- [What is being asked]:
An exact transcription of the listing, without its images, is what the answer must contain.

- [Dataset excerpt]:
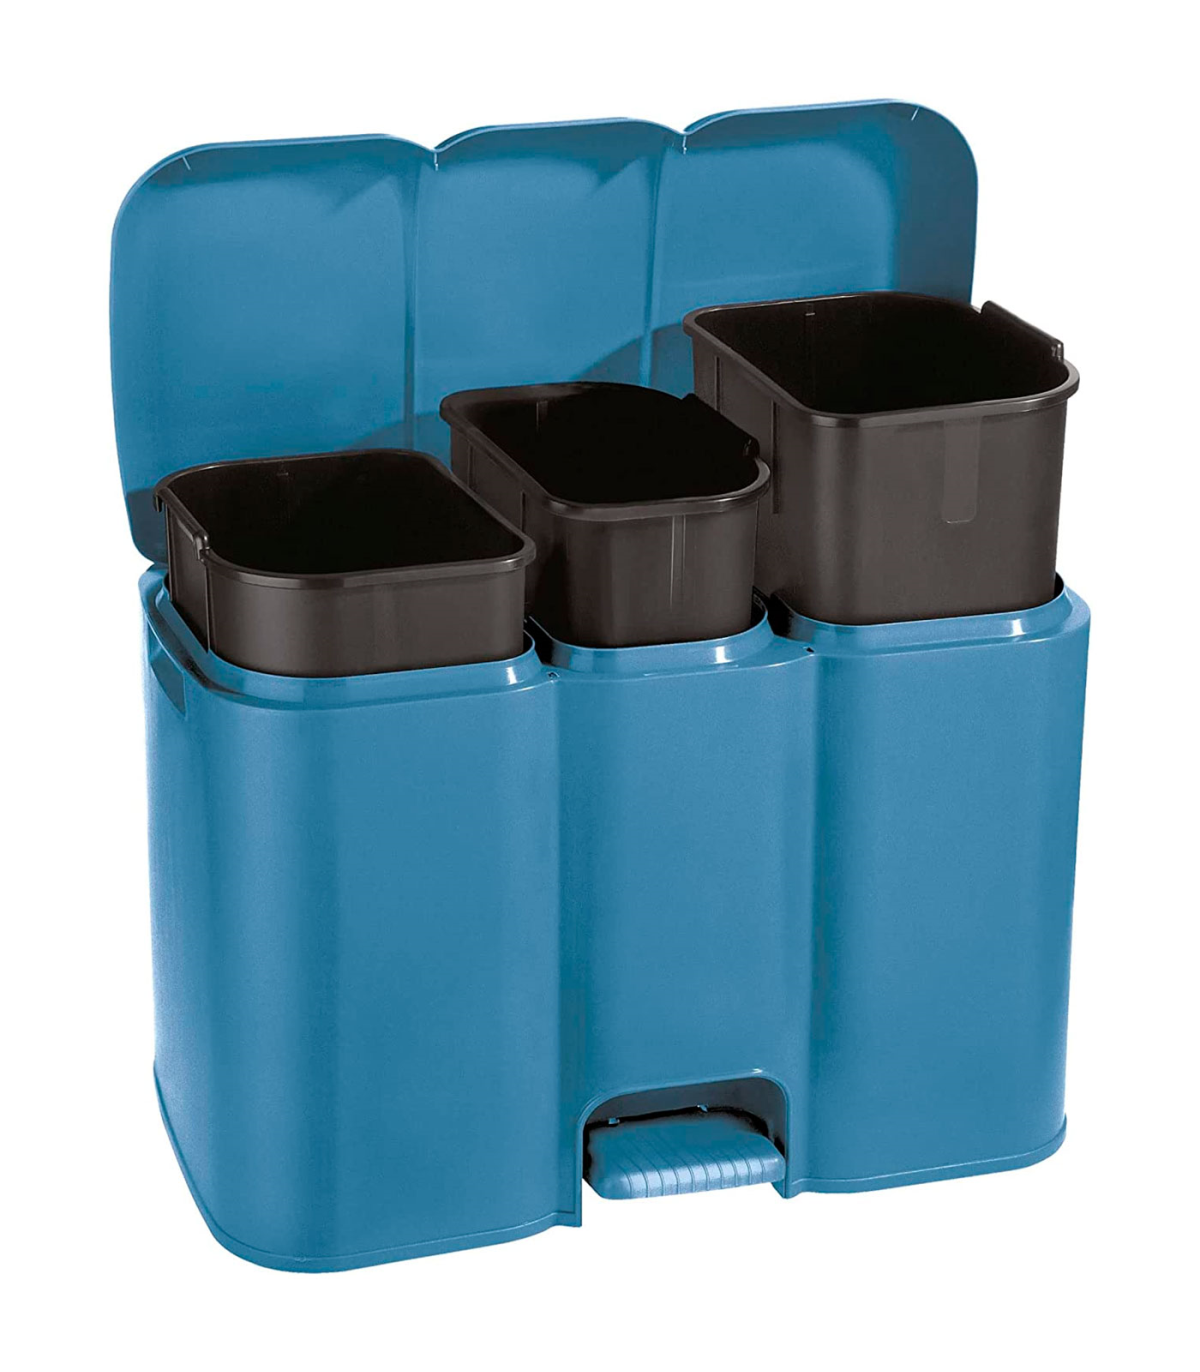 Tradineur - Cubo de basura de plástico con pedal y recipiente
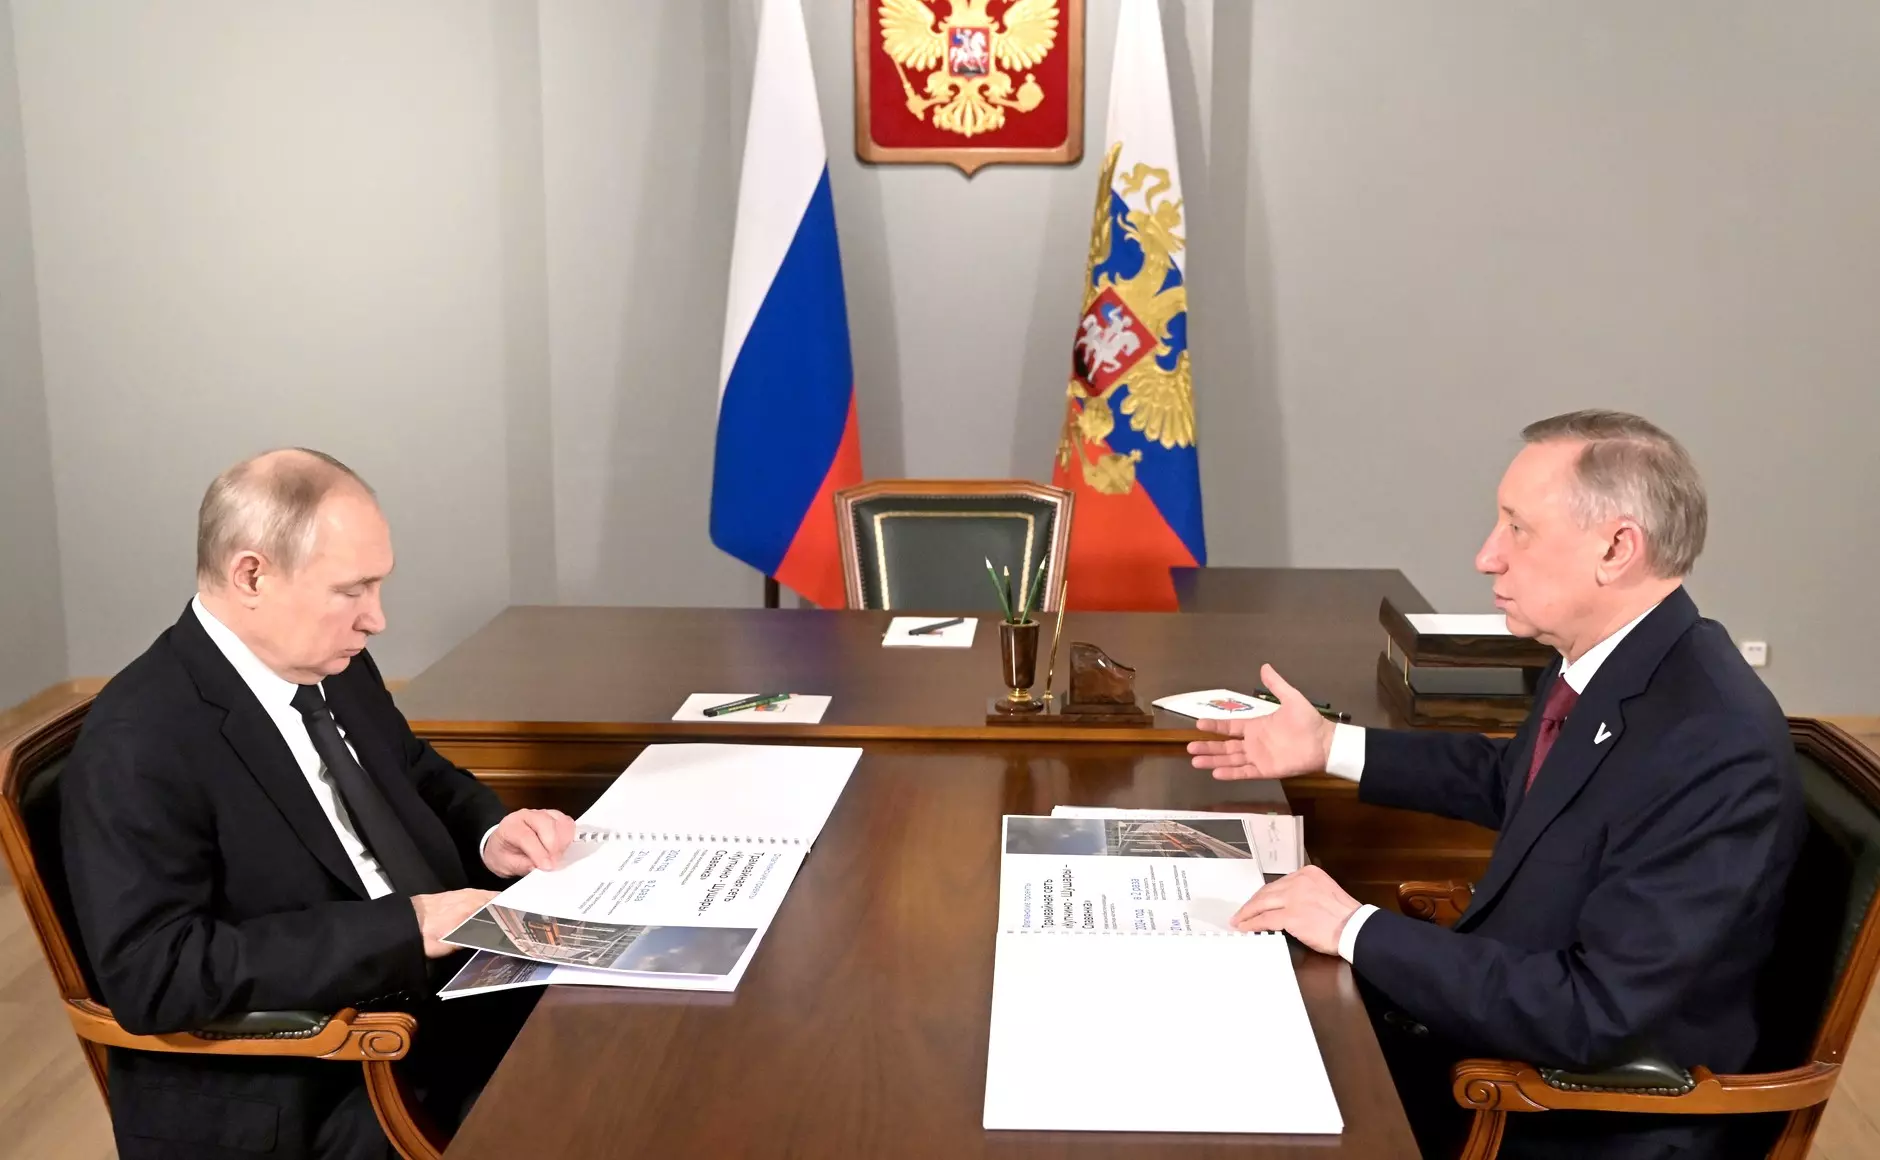 Владимир Путин провёл рабочую встречу с губернатором Санкт-Петербурга и посетил музей обороны и блокады Ленинграда
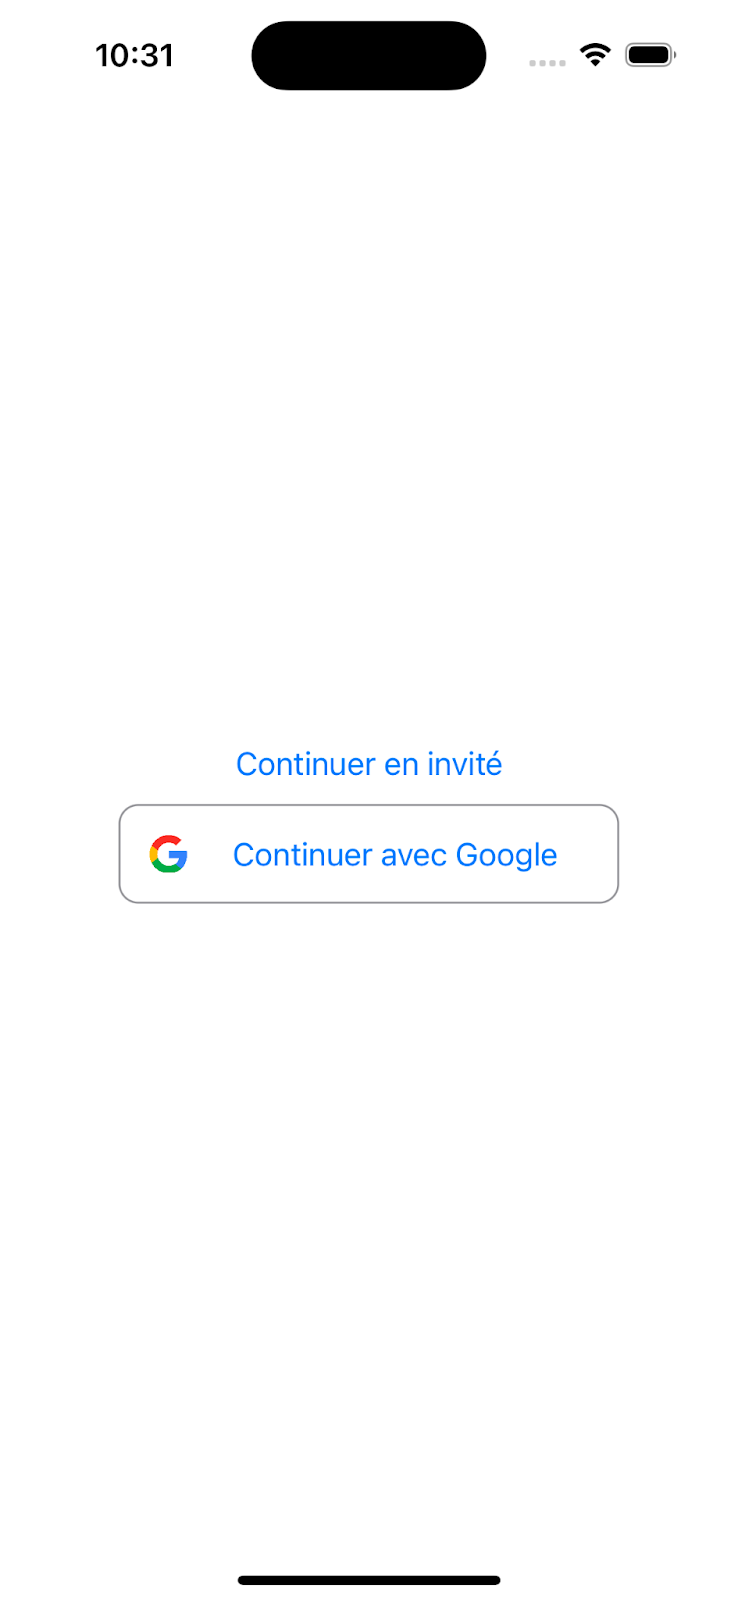 Ecran de l'application avec l'ajout du bouton "Continuer avec Google"

- [Task output]:
 Tradineur - Cubo de basura de plástico con pedal y recipiente
 Владимир Путин провёл рабочую встречу с губернатором Санкт-Петербурга и посетил музей обороны и блокады Ленинграда
 Ecran de l'application avec l'ajout du bouton "Continuer avec Google"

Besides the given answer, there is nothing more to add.